The author, Britt Young, holding her Ottobock bebionic bionic arm.

Gabriela Hasbun. Makeup: Maria Nguyen for MAC cosmetics; Hair: Joan Laqui for Living Proof
DarkGray

In Jules Verne’s 1865 novel From the Earth to the Moon, members of the fictitious Baltimore Gun Club, all disabled Civil War veterans, restlessly search for a new enemy to conquer. They had spent the war innovating new, deadlier weaponry. By the war’s end, with “not quite one arm between four persons, and exactly two legs between six,” these self-taught amputee-weaponsmiths decide to repurpose their skills toward a new projectile: a rocket ship.

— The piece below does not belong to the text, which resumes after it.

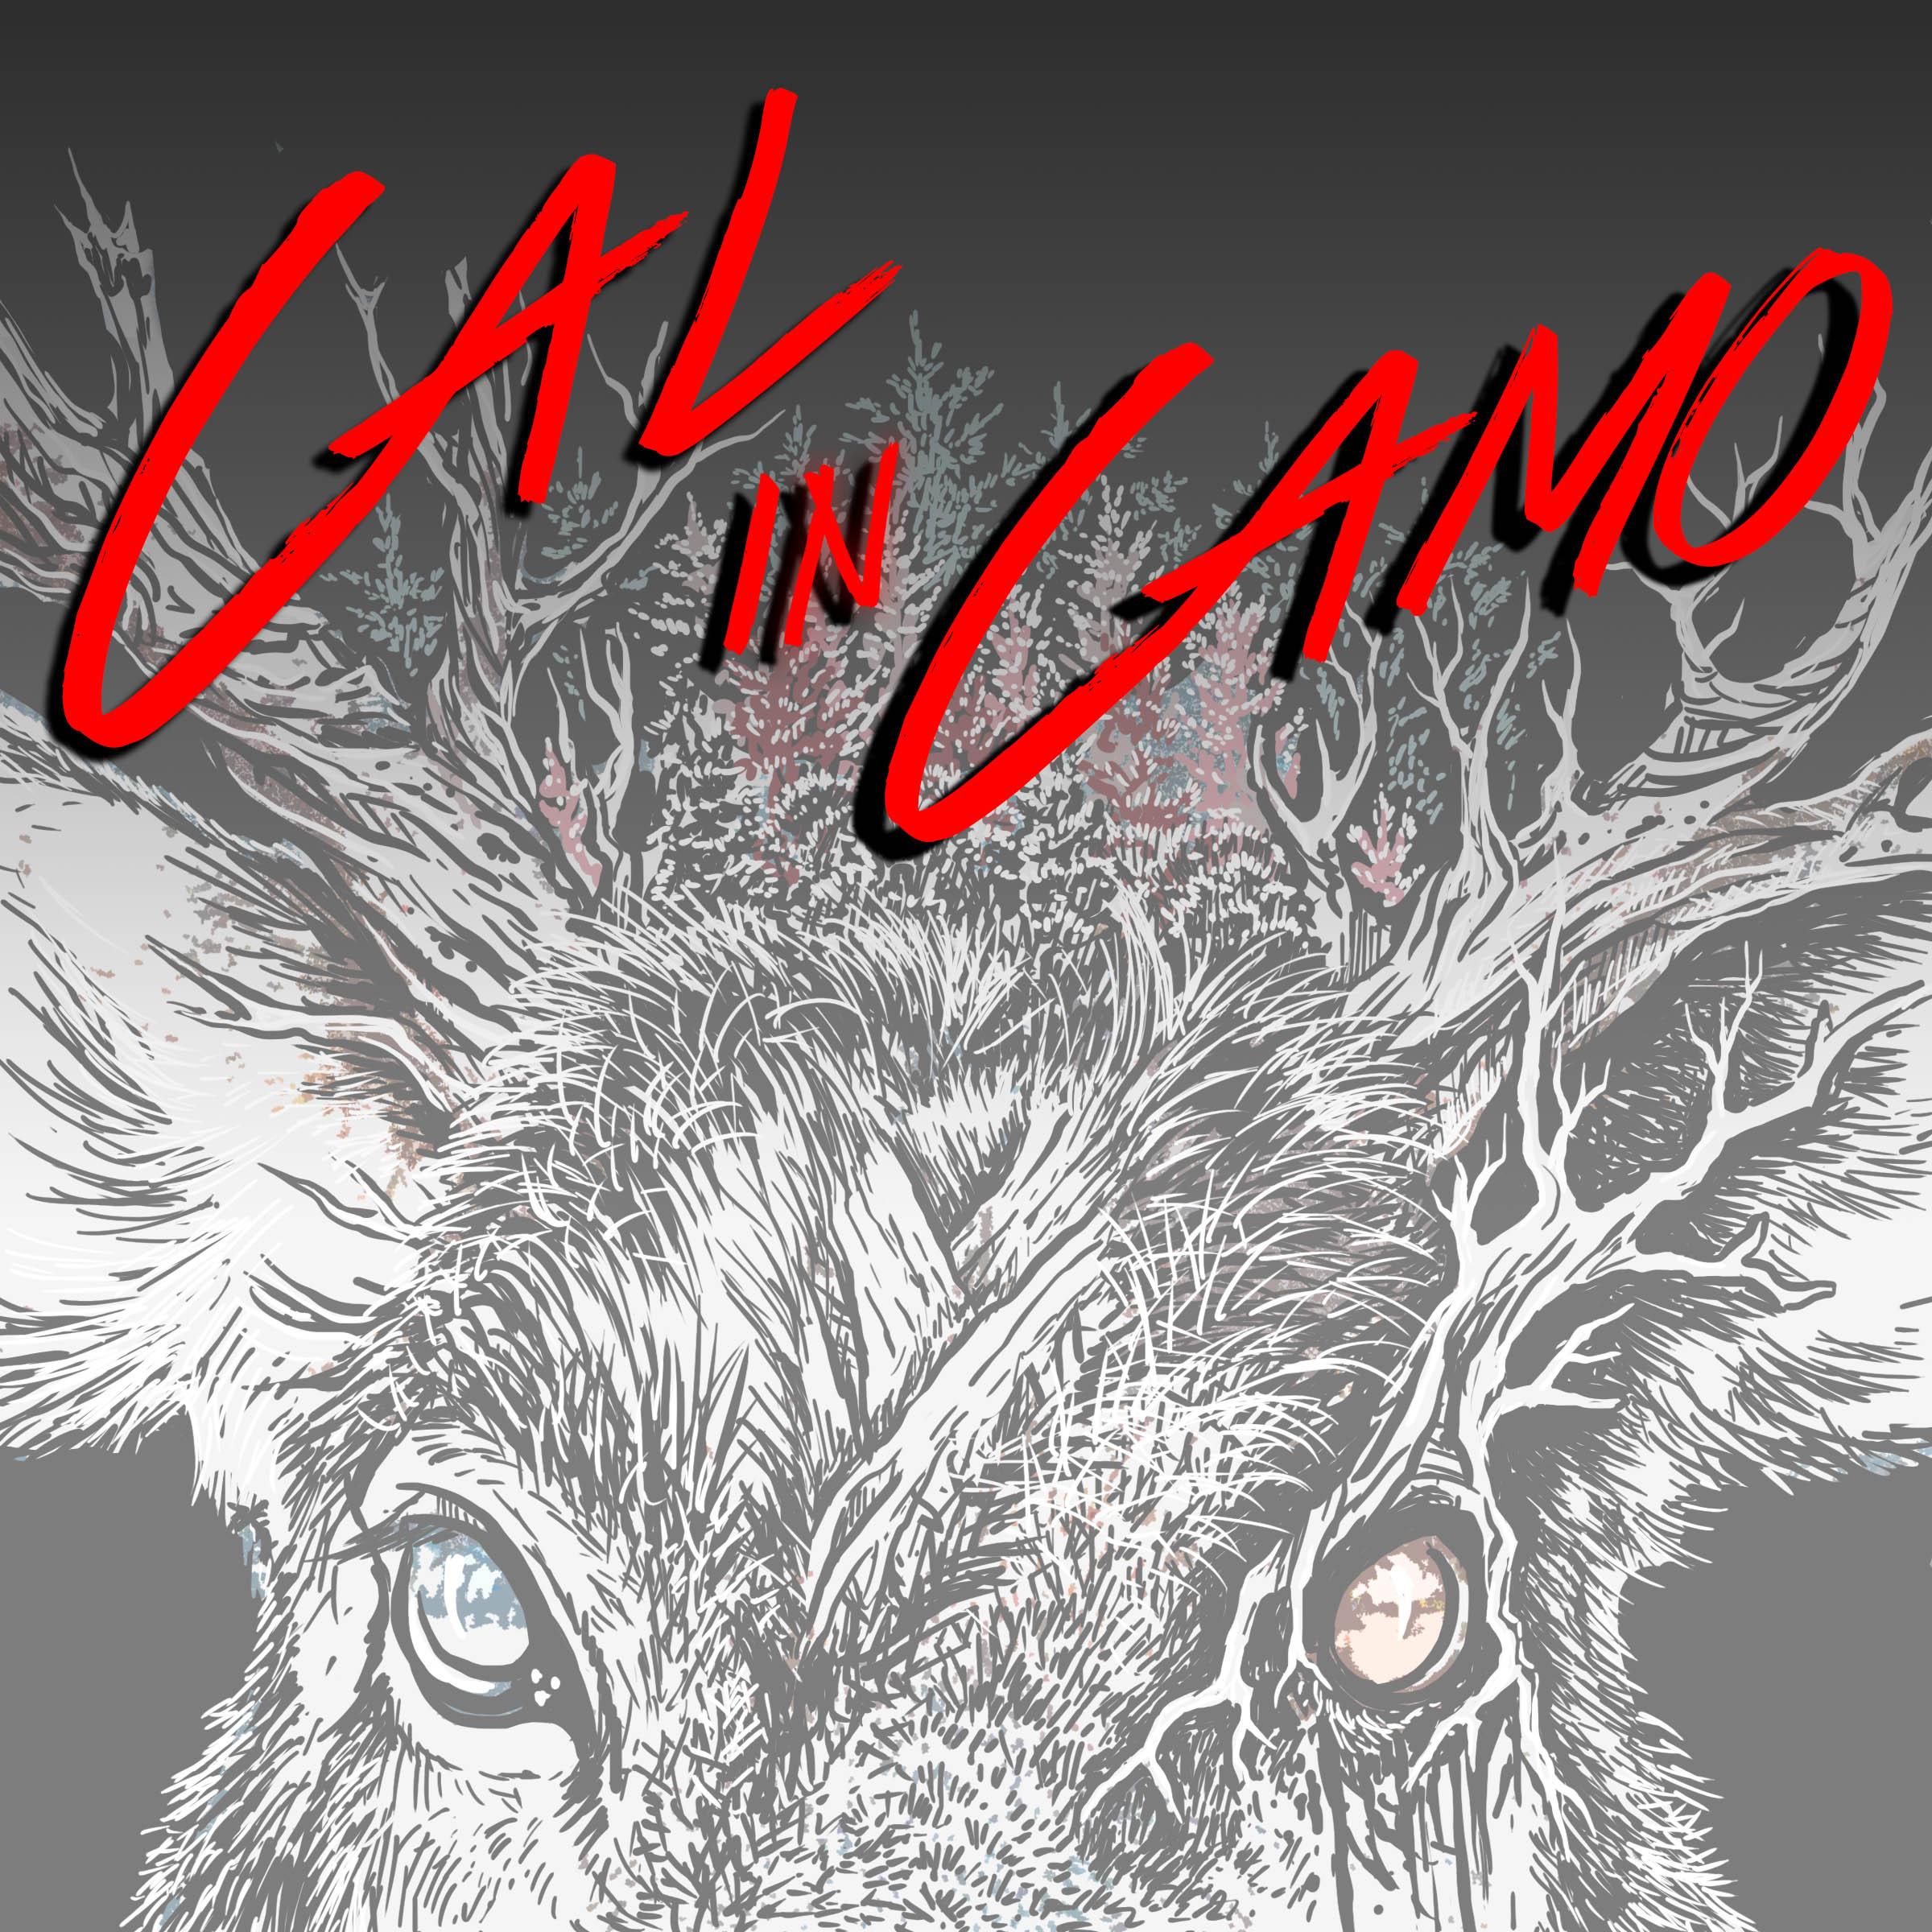 Red Dog Squadron Cal in Camo Calendar Sq

The story of the Baltimore Gun Club propelling themselves to the moon is about the extraordinary masculine power of the veteran, who doesn’t simply “overcome” his disability; he derives power and ambition from it. Their “crutches, wooden legs, artificial arms, steel hooks, caoutchouc [rubber] jaws, silver craniums [and] platinum noses” don’t play leading roles in their personalities—they are merely tools on their bodies. These piecemeal men are unlikely crusaders of invention with an even more unlikely mission. And yet who better to design the next great leap in technology than men remade by technology themselves?